Monday, March 11, 2019

QUOTES part four: Anna Akhmatova "My Half Century"

Anna Akhmatova was the preeminent Russian poet of the first half of the 20th Century.  She was censored and her works banned from publication, through a party resolution by the Russian government, twice, from 1925-1939 and 1946-1956.  Short-listed for the Novel Prize, she may be the best poet you've never heard of.  
I recently read a selection of her prose, from letters and diaries primarily, in "My Half Century" and wanted to share occasional quotes, here, from that book.  



I love these two longer quotes discussing memory and nostalgia and how we can be constrained or hampered by looking back through glasses that are too rose-colored.  Of course, Akhmatova puts it in a far more beautiful, as well as severe, manner.  


. . .the reader of this book should get used to the idea that nothing was the way he thinks it was, or when, or where.  It's awful to say, but people see only what they want to see, and hear only what they want to hear.  They speak to themselves "in general" and almost always answer themselves, without listening to the person with whom they are speaking.  This characteristic of human nature explains ninety percent of the monstrous rumors, false reputations, and sacredly-guarded gossip. . .I ask those who disagree with me only to remember what they have heard about themselves. 

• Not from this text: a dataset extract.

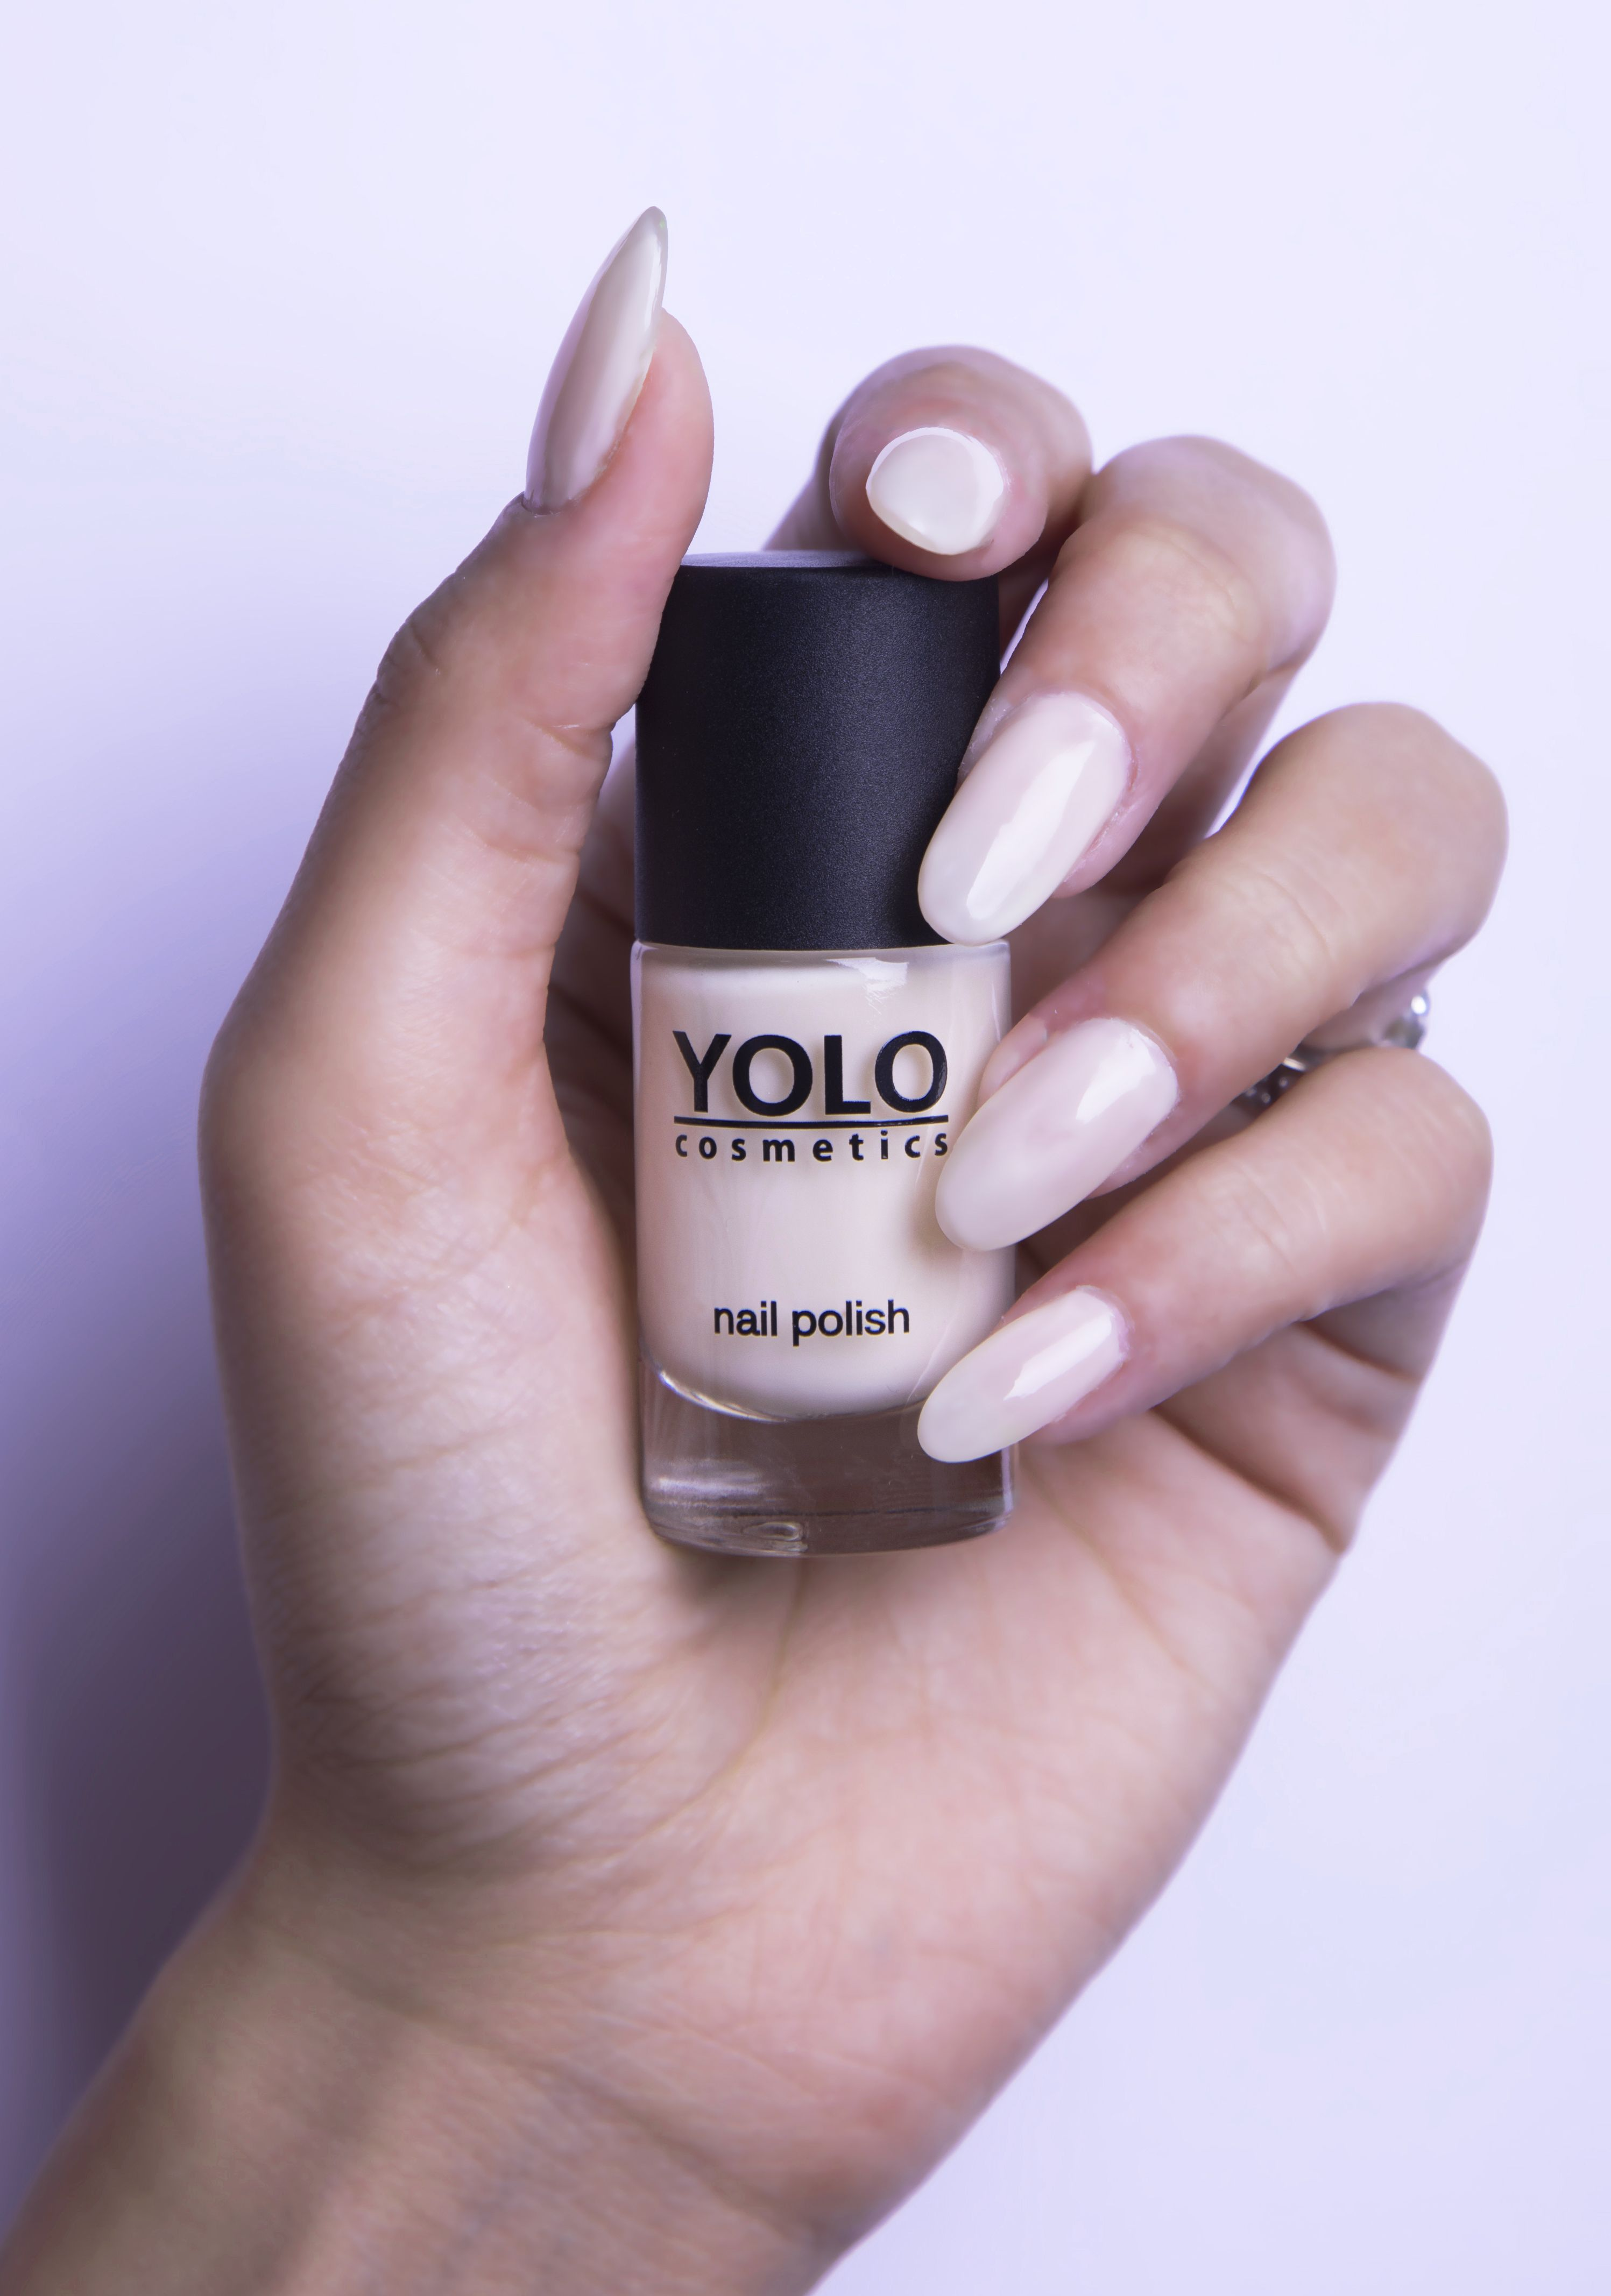 YOLOCosmeticsShades of White Code 102 YOLO Cosmetics
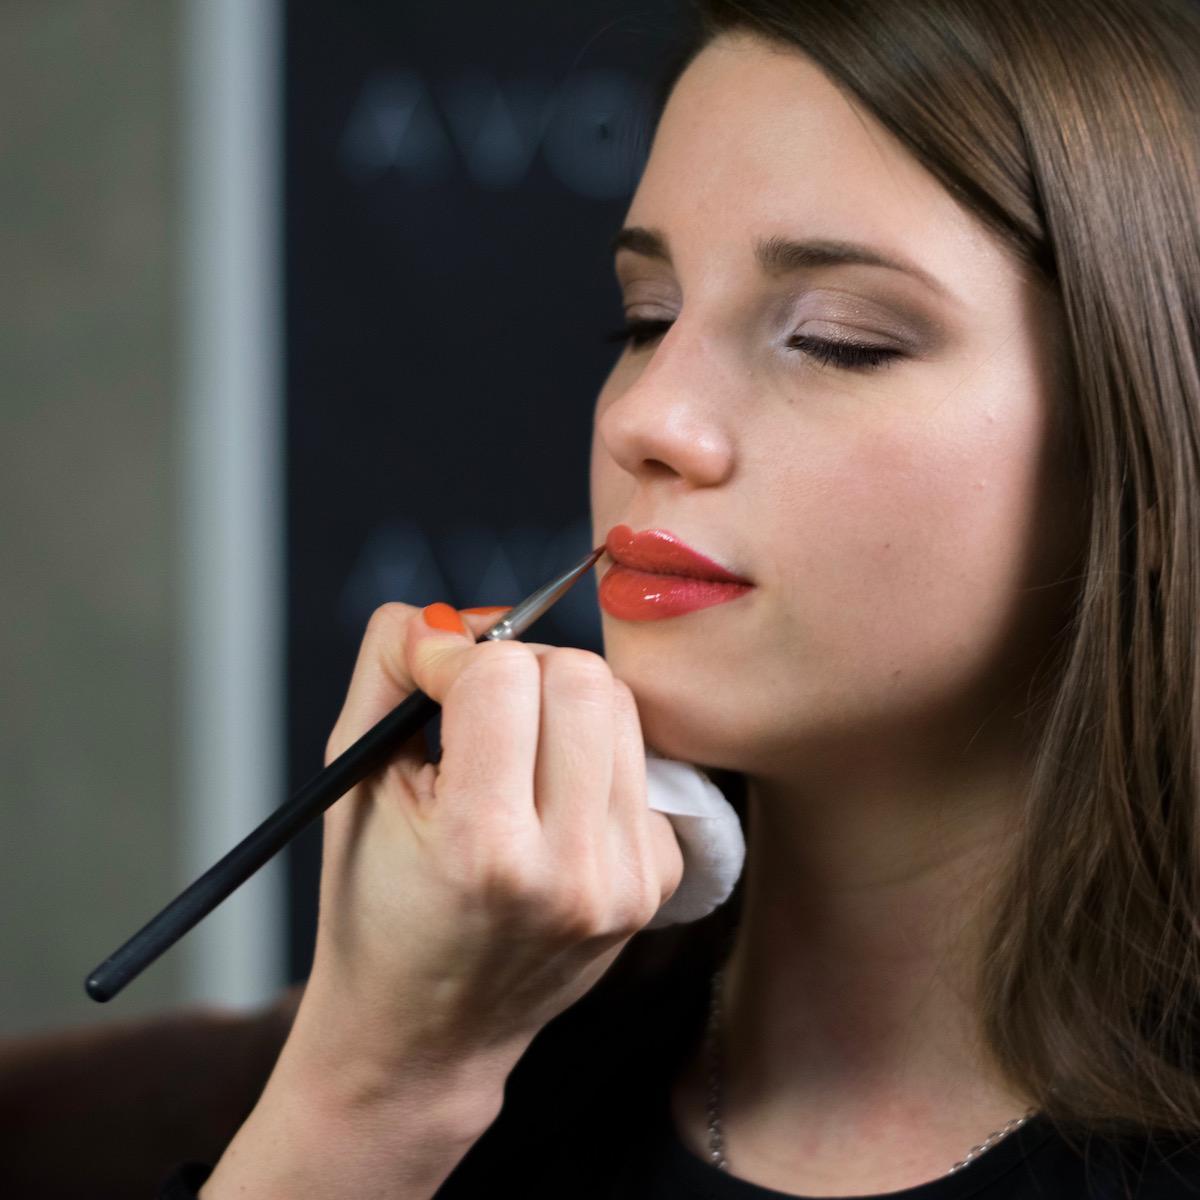 Avon Mark licila red lipstick rdeca sminka

My generation is not threatened with a melancholy return, because there is nowhere for us to return to....Sometimes (when it's so deserted and fragrant in the parks) it seems to me that you could get in the car and drive to the days of the opening of Pavlovsk Station, to those places where a shadow inconsolably searches for me, but then I begin to realize that this is not possible, that one shouldn't bury oneself (never mind in a gasoline tin can) in memory's mansions, that I would not see anything and that I would only blot out what I see so clearly now.